Ainsi que le confie Karl Jaspers dans son Autobiographie philosophique 1, tout commence par un anniversaire : celui de Husserl, à Fribourg.

Autour de la table, outre Husserl, sa femme et quelques amis, Martin Heidegger, présenté comme l’enfant phénoménologique à Karl Jaspers et sa femme. Les deux hommes sympathisent, autour du cas d’une étudiante refusée au séminaire de Husserl à cause de problèmes d’ordre administratif. Cette solidarité contre l’ordre académique établi rapproche les deux hommes. Karl Jaspers lui rend visite, l’amitié se renforce et débute entre eux une correspondance.


Karl Jaspers a alors 37 ans. De 6 ans l’aîné de Heidegger, il est professeur de psychologie à la faculté de Heidelberg, et travaille dans un hôpital psychiatrique de la ville.

Heidegger lui est professeur de philosophie à l’université de Fribourg : il vient de reprendre son enseignement, après avoir été mobilisé deux ans pendant la guerre de 14-18.
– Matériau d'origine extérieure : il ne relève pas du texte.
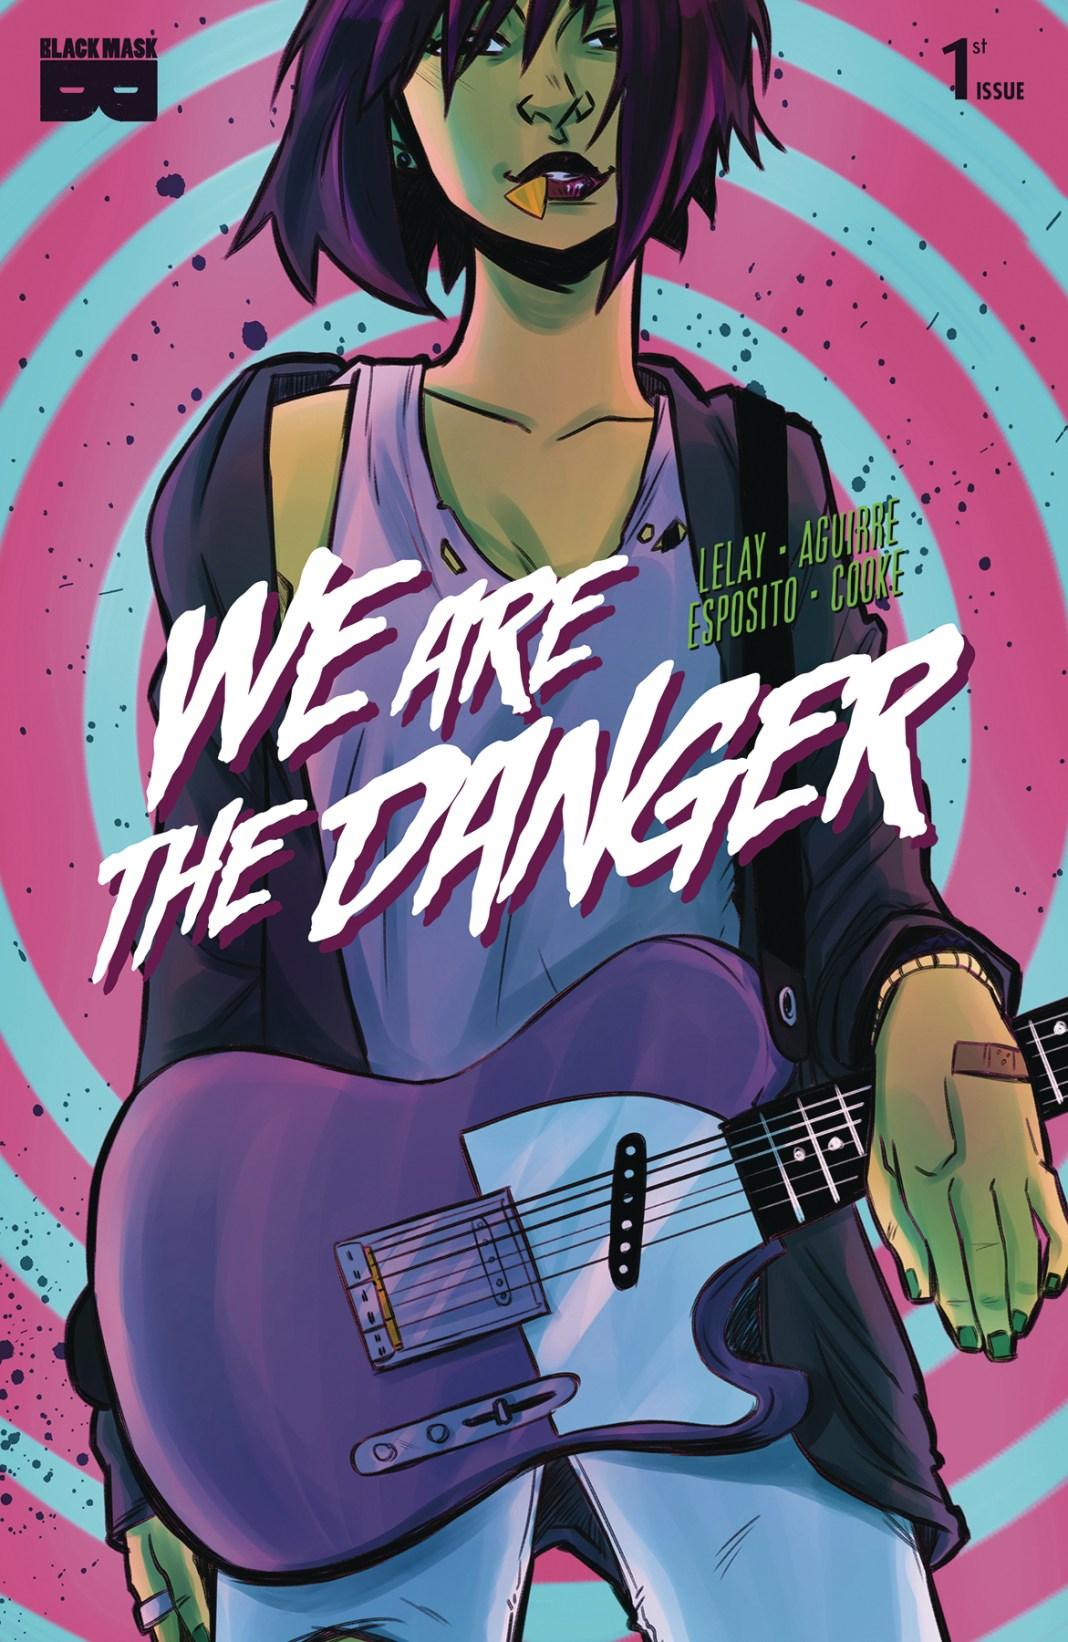 WeAretheDanger1

Si Heidegger s’adresse d’abord à lui avec déférence, comme un aîné, Karl Jaspers le met à l’aise avec humour : Encore une remarque : voudrez-vous bien ne pas me donner le titre de « professeur » ? Depuis quand avons-nous donc engagé une relation philosophique ? Ou bien avez-vous si peu confiance en moi ? 2.

La naissance d’une amitié

Les deux hommes échangent alors comme des pairs, réunis dans un même rejet des difficultés académiques et universitaires.

Leurs étudiants sont eux-mêmes la cible de leurs récriminations. Ainsi Heidegger :

L’opinion que j’ai des étudiants et même des étudiantes d’aujourd’hui a perdu tout optimisme : les meilleurs eux-mêmes sont ou bien des illuminés (des théosophes qui sont déjà venus se nicher dans la théologie protestante) […] ou bien au contraire ils tombent dans une boulimie de lectures malsaines et un savoir touche-à-tout, c’est-à-dire sans rien de bon 3.
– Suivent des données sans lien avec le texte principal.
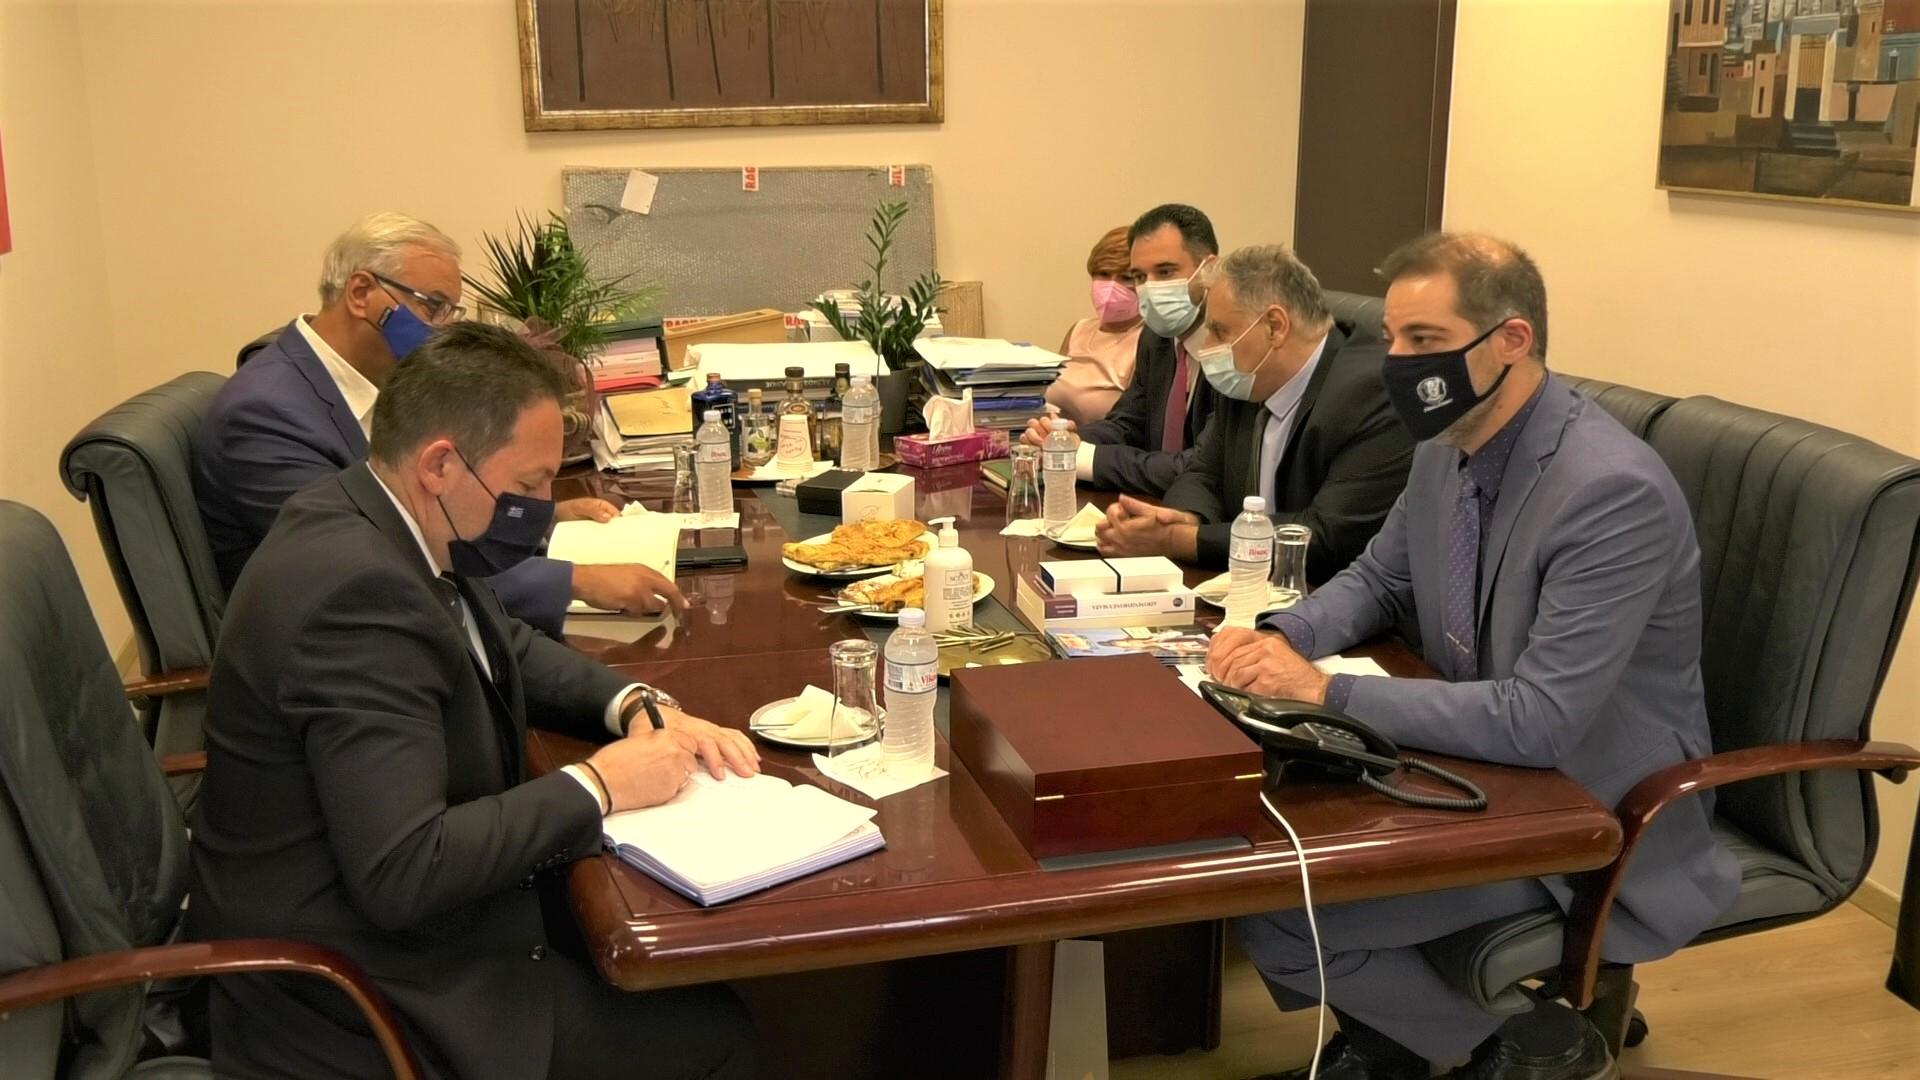 Συνάντηση του Δημάρχου Αλίμου Ανδρέα Κονδύλη με τον Αν. Υπουργό Στέλιο Πέτσα

Heidegger décoche des traits féroces contre certains d’entre eux :

C’est le deuxième semestre que M.N. est ici – je ne dirais pas que je le connais, ce qui n’est pas facile en ce qui le concerne – non qu’il soit une nature très compliquée, mais parce qu’il est tout à fait instable, sans soin et peut-être somme toute inauthentique.

Quand il est arrivé cet été, il s’est entièrement enthousiasmé pour Husserl, chaque trivialité était une révélation, chaque formulation une phrase classique, il lisait des manuscrits pour Husserl, en recopiait et ne le quittait plus, il avait même en projet un travail philosophique sur la langue.

Au début de ce semestre, il a dû se passer quelque chose entre les deux hommes ; Husserl est à présent l’objet d’un refus radical, des critiques que j’exprime sont prises puérilement dans un sens unilatéral. Et là-dedans il n’y a presque rien de compris.

Il a autour de lui un certain cercle de gens médiocres, toujours à se retrouver pour jacasser, qui ont essayé de s’accrocher à moi, sans d’ailleurs y parvenir. Ils pensent qu’en répétant des phrases tirées de mes cours, c’est gagné. Mais ils ne remarquent pas combien je les tiens étroitement sous mon contrôle. […]

Comme au dernier semestre avec Husserl, il ne jure à présent que par mon cours, qu’il n’a pas compris 4.


Surtout les deux hommes évoquent le « bal » des nominations, espérant obtenir tel poste, se lamentant quand il est attribué à un rival plus heureux, et lui envoyant quelques piques au passage. Rien que de très classique dans une carrière universitaire !


Heidegger rédige un compte-rendu critique de la Psychologie des conceptions du monde de Karl Jaspers. Celui-ci en est ému :

J’espère que vous êtes sérieux quand vous parlez de venir nous voir cet automne […] J’aimerais alors parler avec vous de votre critique, que j’ai lue de près désormais. […] A mon avis, votre commentaire est, de tous ceux que j’ai lus, celui qui fouille le plus profond à la racine de ce qui est pensé. C’est pourquoi j’en fus réellement touché en moi-même. […]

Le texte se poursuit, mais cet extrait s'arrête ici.